Tyrion could see the sun shining on the Blackwater Rush half a mile ahead, and on the walls and towers and hills of King's Landing beyond. He glanced over his shoulder, at the glittering column following them up the kingsroad. "You speak like a man with a great host at his back," he said, "yet all I see are three hundred. Do you spy that city there, north of the river?"
"The midden heap you call King's Landing?"
"That's the very one."
"Not only do I see it, I believe I smell it now."
"Then take a good sniff, my lord. Fill up your nose. Half a million people stink more than three hundred, you'll find. Do you smell the gold cloaks? There are near five thousand of them. My father's own sworn swords must account for another twenty thousand. And then there are the roses. Roses smell so sweet, don't they? Especially when there are so many of them. Fifty, sixty, seventy thousand roses, in the city or camped outside it, I can't really say how many are left, but there's more than I care to count, anyway."
Martell gave a shrug. "In Dorne of old before we married Daeron, it was said that all flowers bow before the sun. Should the roses seek to hinder me I'll gladly trample them underfoot."

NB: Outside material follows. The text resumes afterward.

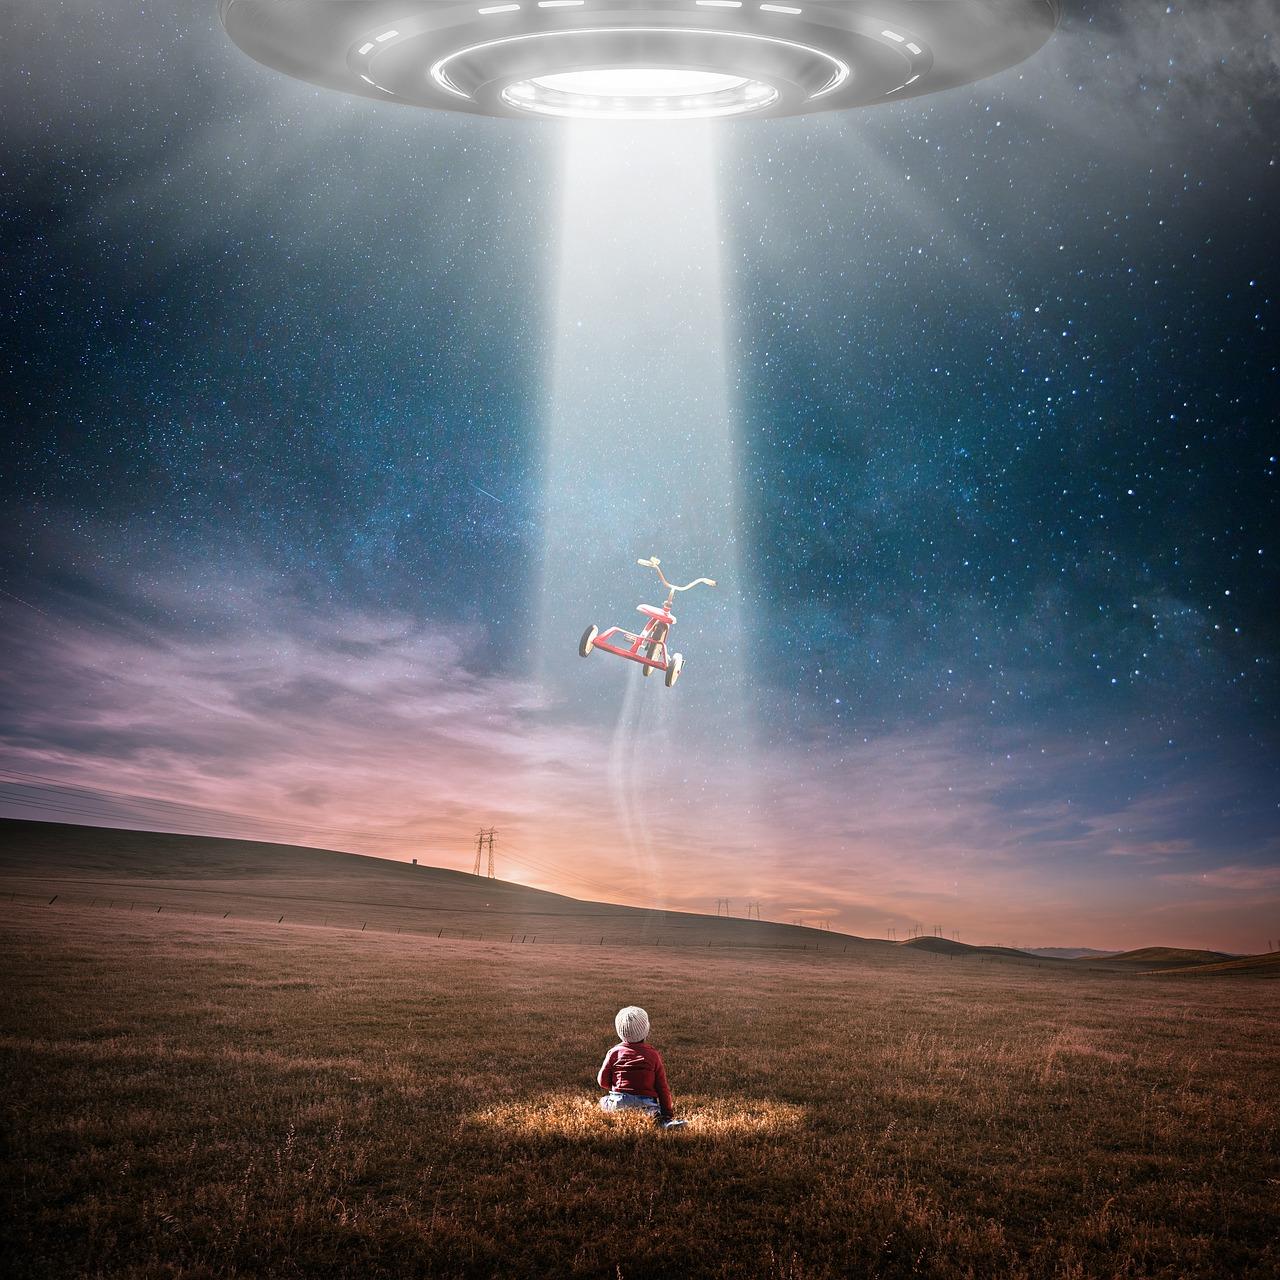 Un documento desclasificado del FBI, revela que poseen información sobre la existencia de extraterrestres desde hace décadas. ¿Qué dicen estos documentos? (Pixabay)
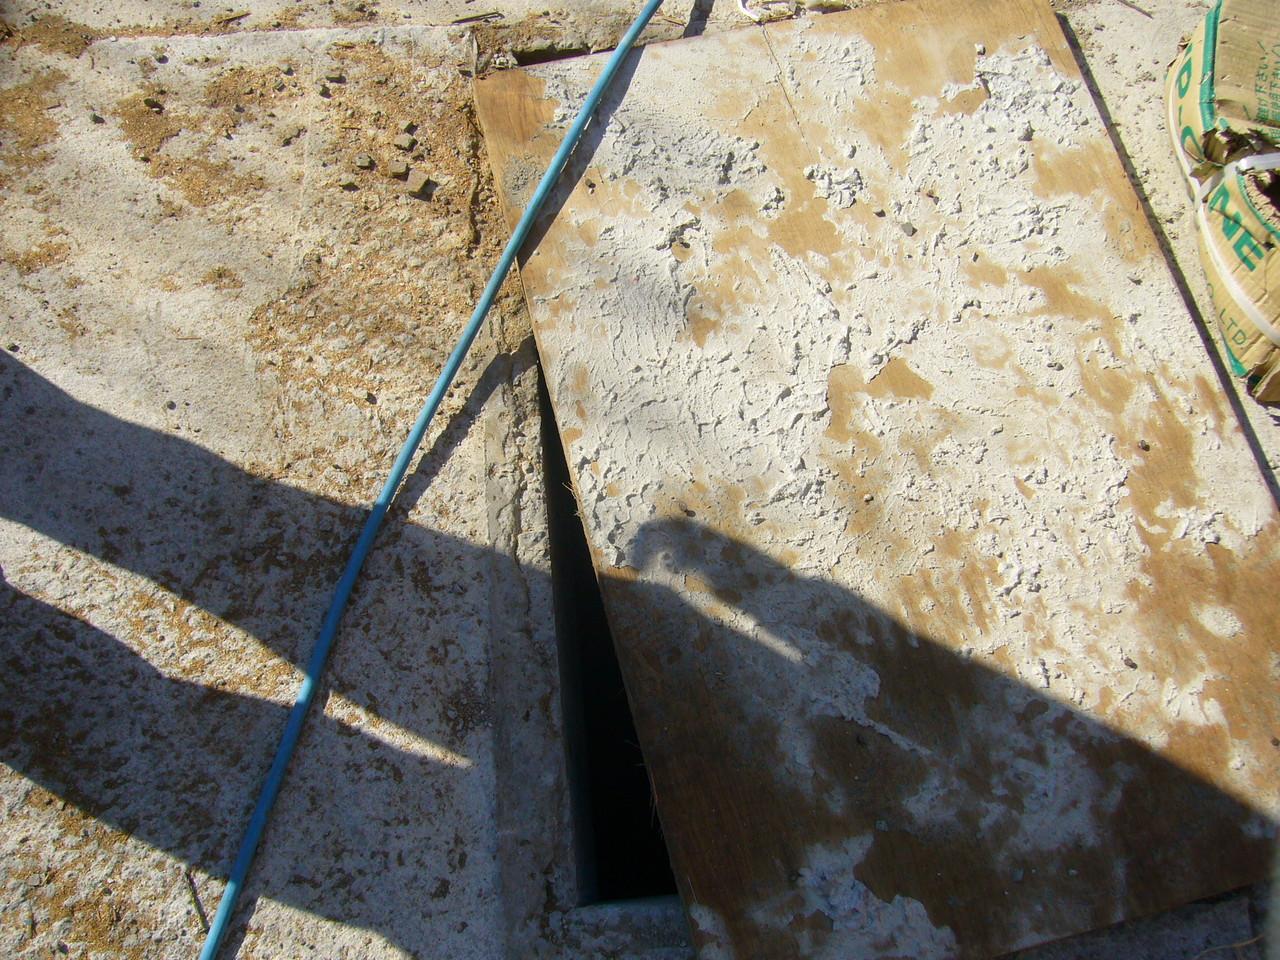 地下ピットへの入り口の蓋が開いている 酸欠対策なし

"As you trampled Willas Tyrell?"
The Dornishman did not react as expected. "I had a letter from Willas not half a year past. We share an interest in fine horseflesh. He has never borne me any ill will for what happened in the lists. I struck his breastplate clean, but his foot caught in a stirrup as he fell and his horse came down on top of him. I sent a maester to him afterward, but it was all he could do to save the boy's leg. The knee was far past mending. If any were to blame, it was his fool of a father. Willas Tyrell was green as his surcoat and had no business riding in such company. The Fat Flower thrust him into tourneys at too tender an age, just as he did with the other two. He wanted another Leo Longthorn, and made himself a cripple."
"There are those who say Ser Loras is better than Leo Longthorn ever was," said Tyrion.
"Renly's little rose? I doubt that."
"Doubt it all you wish," said Tyrion, "but Ser Loras has defeated many good knights, including my brother Jaime."
"By defeated, you mean unhorsed, in tourney. Tell me who he's slain in battle if you mean to frighten me."